From “Designing Women” and “Frasier” to ‘Hacks,” which begins Season 3 on Thursday, Jean Smart has excelled at being funny and sharp.
“Hacks,” which premiered in May 2021, rates as a particularly personal triumph for the Smart, 72. Her Deborah Vance is a legendary Las Vegas standup comedian and impossible diva with more than a passing kinship with Joan Rivers.
To maintain her Vegas hotel residency, Deborah needs to reinvent herself for a younger audience. That means hiring embattled comedy writer Ava Daniels (Hannah Einbinder). As expected, from an awkward start in S1 the duo learn much from each other.
The HBO series, which has won Smart an Emmy and Golden Globe, began production under COVID restrictions in 2021, shortly after the death of Smart’s husband, her “Designing Women” and “24” costar Richard Gilliland.
Filming on Season 3, which was halted midway for what’s been described as Smart’s “successful heart procedure,” begins with the two women reuniting after their S2 separation.
“You see in the premiere episode they’re both doing better than ever,” noted Jen Statsky, one of the creators and showrunners, in a virtual press conference from LA. “Both reached new heights in their careers, yet they realize they still need each other. Deborah needs Ava to push her.”
This season sees Deborah taking a stand about woke culture.
“I don’t find it difficult to apologize when I know I’m in the wrong,” Smart said.
“Obviously Deborah doesn’t apologize easily at all.
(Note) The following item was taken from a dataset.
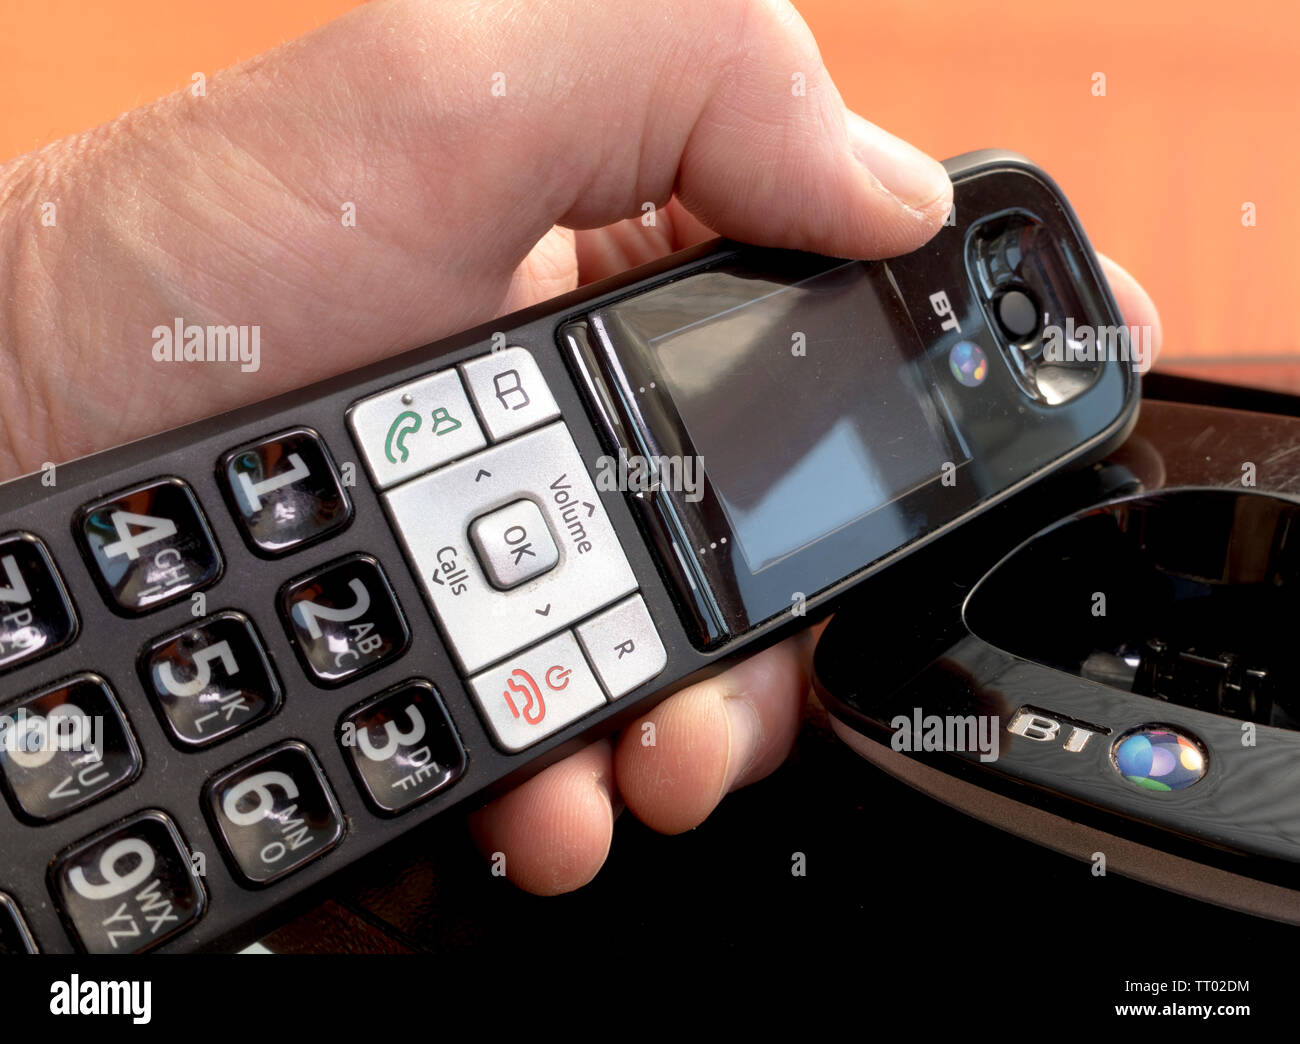 Man’s hand holding a BT hands free landline telephone next to its cradle, about to make a phone call. Stock Photo

But as a comedian, a lot of comedians feel that way. It’s that ‘I’m just doing my job. It’s just a joke.’ ‘I’m just doing my job,’” she added, “is also an infamous Nazi phrase.
“People are starting to say, ‘I have to be so careful of every single thing I say or do — and when are we going to go back?’”
Despite evidence to the contrary – Lucille Ball, Mary Tyler Moore, Carol Burnett – there are those who believe women can’t be funny.
“People have never said that to our faces,” Statsky said, which is why, she continued, “It’s in the DNA of the show. As women in comedy we made the show about that. It’s both a love letter to those women – thank you for being in the trenches and working to fight maybe even harder than we had to – and also proof in the pudding these women are incredibly funny. So shut up.”
“The bottom line is – and it goes back to the woke conversation we were having,” Smart said, “is that until we accept the fact that we all have differences and not try to pretend that we don’t, we’re never going to get anywhere.”
“Hacks” Season 3 streams on HBO MAX May 2.